Category: Politics

  • If American Democracy Collapsed, You Almost Certainly Wouldn’t Notice It

    Let’s warm up with a question. Why don’t powerful people just seize the reins of authority in American politics? You may think that the answer is because our system of laws says that they may not. We have a Constitution, after all, that says that presidents and members of Congress are elected. The rules say that powerful people cannot just seize power. If you want to have the authority to make laws, you have to win elections.

    But that answer is wrong. What constrains the powerful is not the Constitution, nor the system of laws, regulations, and bureaucracies that govern political competition. What constrains them is the practice that American politicians seek power through elections and that everyone agrees to accept that method.

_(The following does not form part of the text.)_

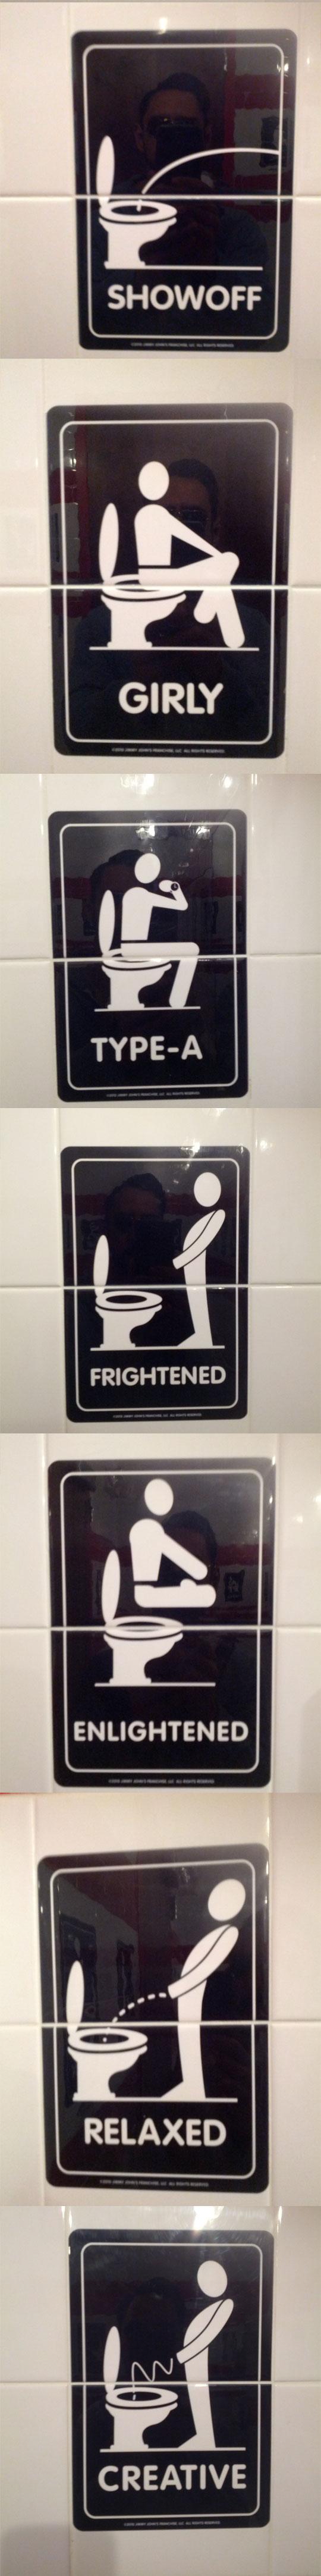 funny-bathroom-tiles-type-user-peeing
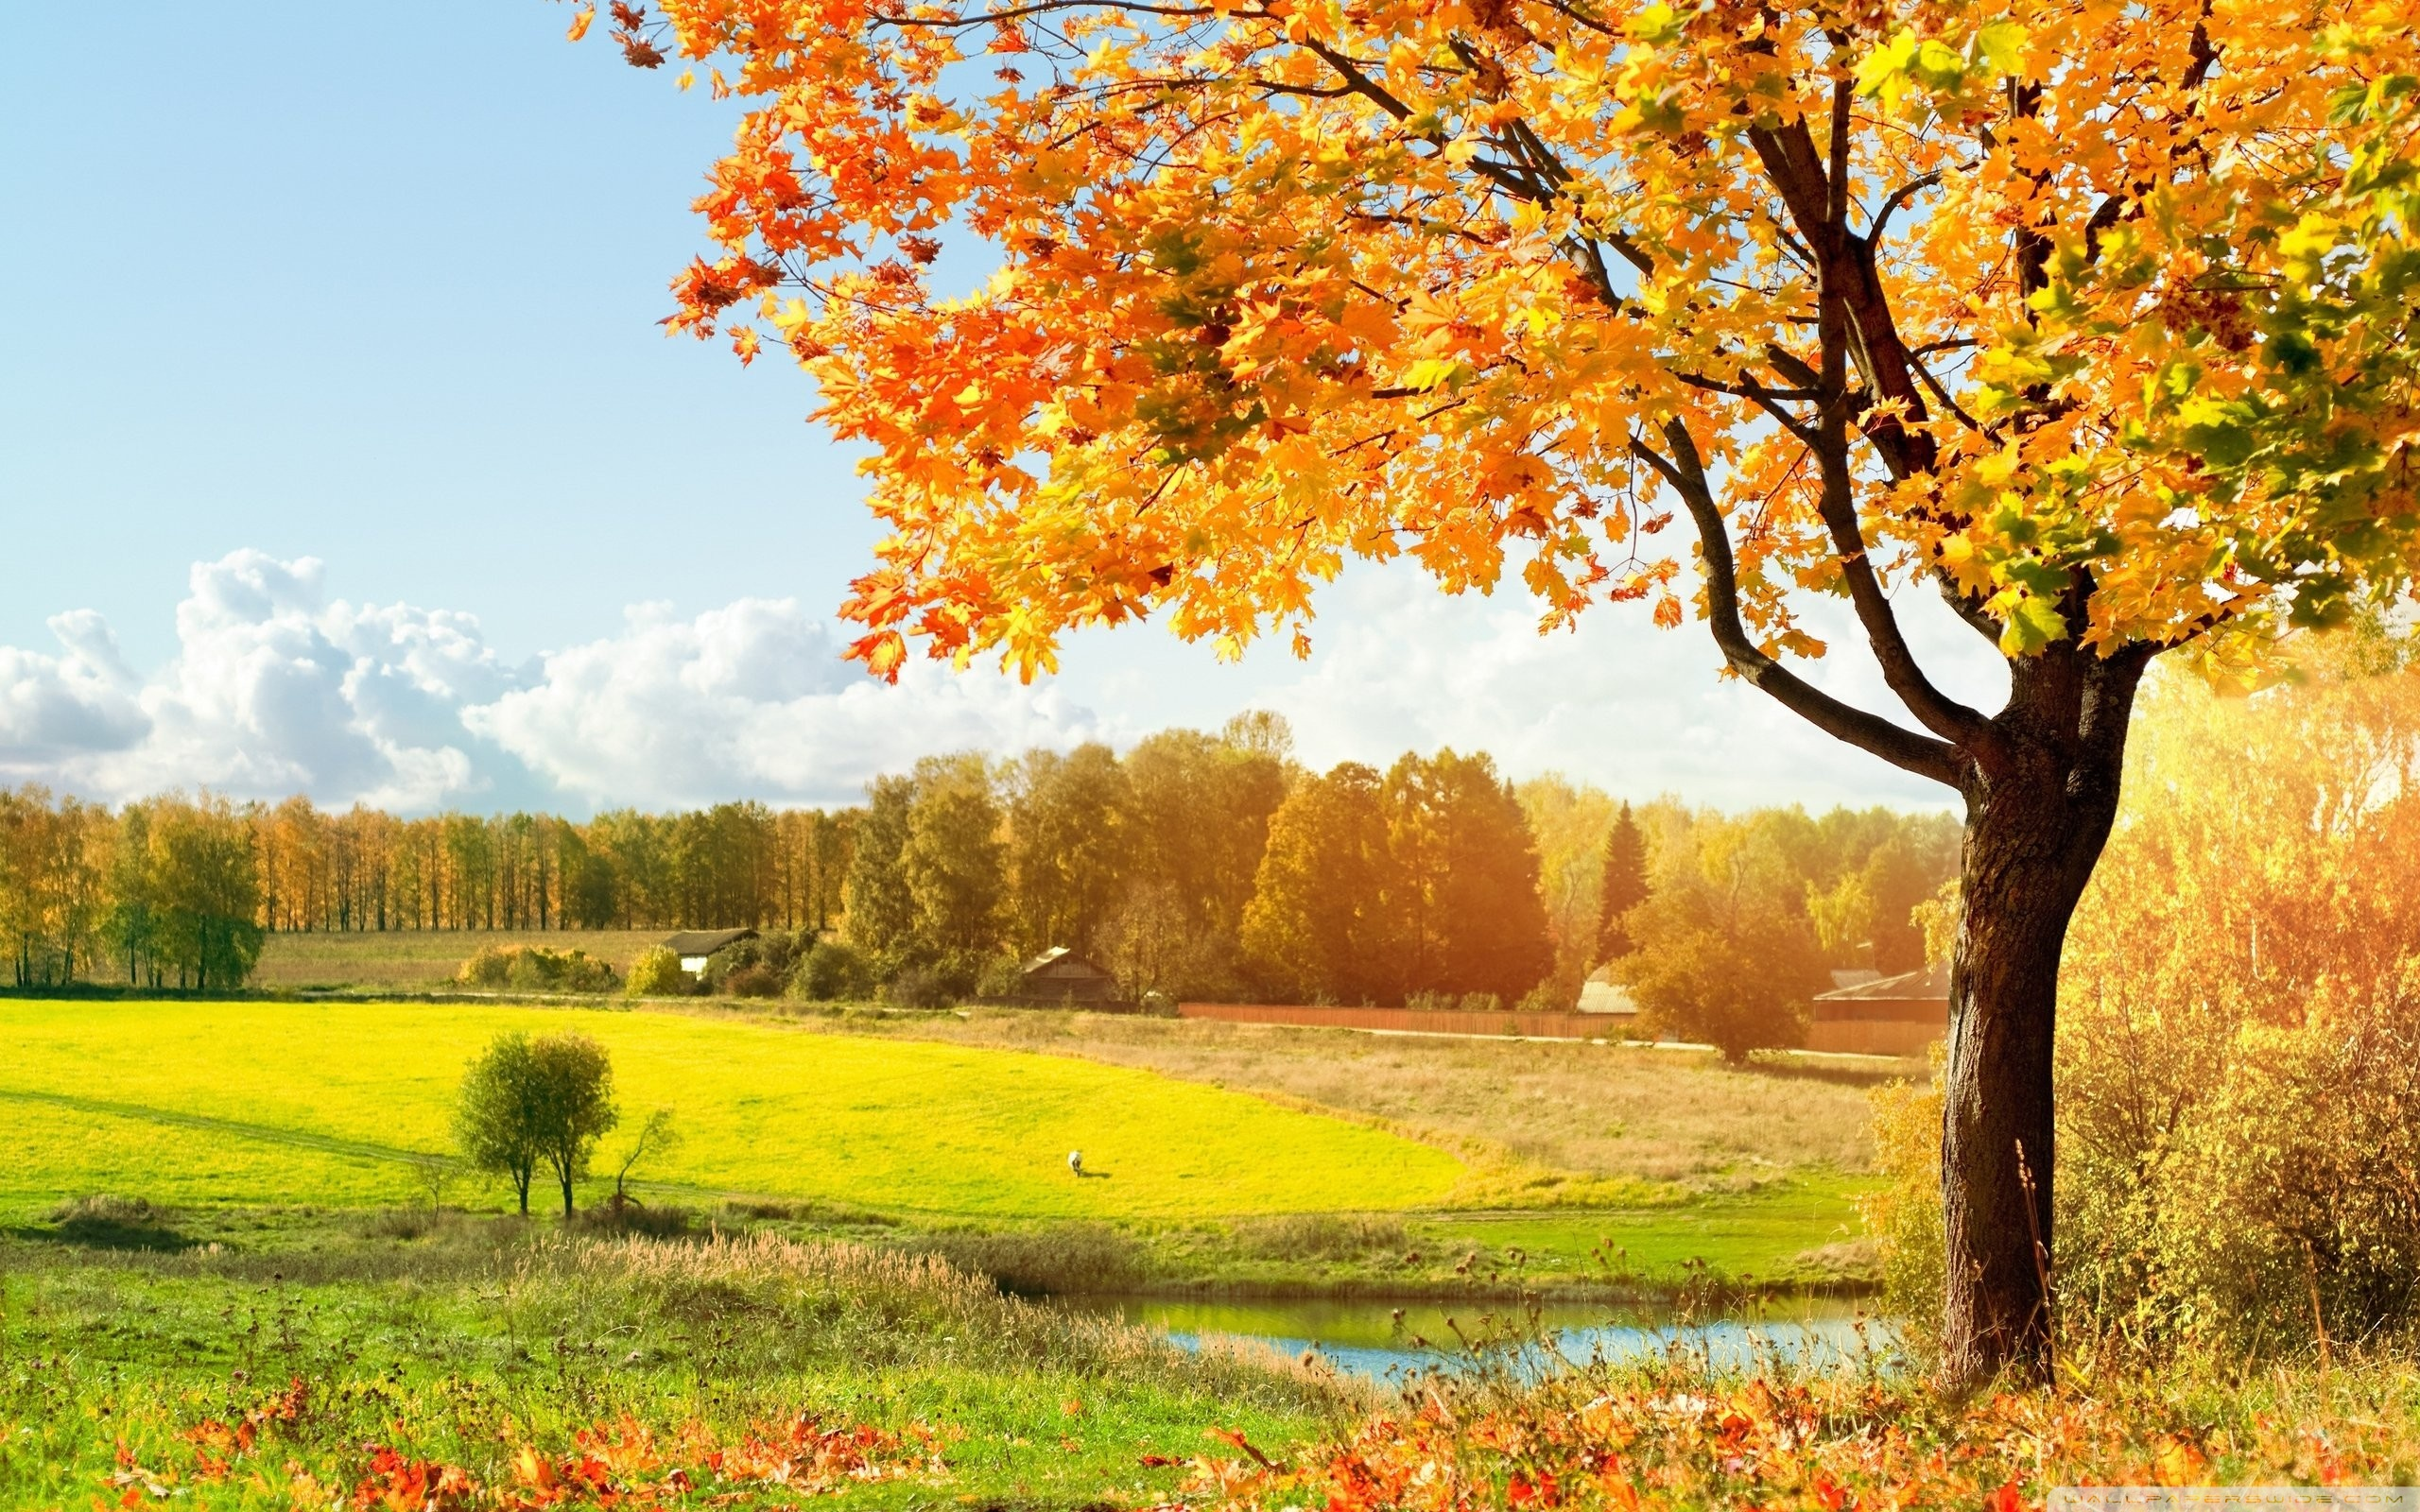 Осень, времена года, природа, поле, дерево, HD

    That difference is subtle. It may even seem tautological—didn’t I just say that powerful people don’t seize power because they don’t? But it is essential for understanding what sustains democracy, and what undermines it. Democracy is a political regime, which O’Donnell and Schmitter define as

    the ensemble of patterns, explicit or not, that determines and channels of access to principal governmental positions, the characteristics of the actors who are admitted and excluded from such access, and the resources or strategies that they can use to gain access.

    Democracy is nothing other than a particular pattern of behavior that reveals how, within some community, people access positions of political authority.

    Constitutions and laws, like other so-called “parchment institutions,” help to provide a structure for politics. Given that there are many ways to have elections, our Constitution generates public, common expectations about how they might be conducted (see Carey [PDF]). But laws do not constrain on their own. They constrain—and this is the essential bit—if people behave as if they are constrained by them.

    Working from these two points—democracy is a pattern of behavior, and laws only constrain if people behave as if they are constrained—it follows that we would be correct to say that democracy has collapsed if the explicit or implicit patterns of behavior that govern access to political authority no longer operated. And we would not look to the passage of a law, or necessarily even the outcome of an election, to determine if democracy had collapsed.

    Democracy, in fact, makes it particularly challenging to know if democracy has collapsed. That is because when democracy functions, challenges to it are usually hidden, and when they emerge in the open, they are processed through a system that presumes that challenges can be handled democratically. Political actors invoke laws and Constitutions as if they were binding constraints. Stresses that pose questions about the stability of the regime over time, therefore, are fundamentally ambiguous. They may be regime-altering, or not. And the responses to them by those who hold power may be regime-altering. Or not.

    And that is why, if American democracy were to collapse, you almost certainly wouldn’t notice it. Not right away, at least.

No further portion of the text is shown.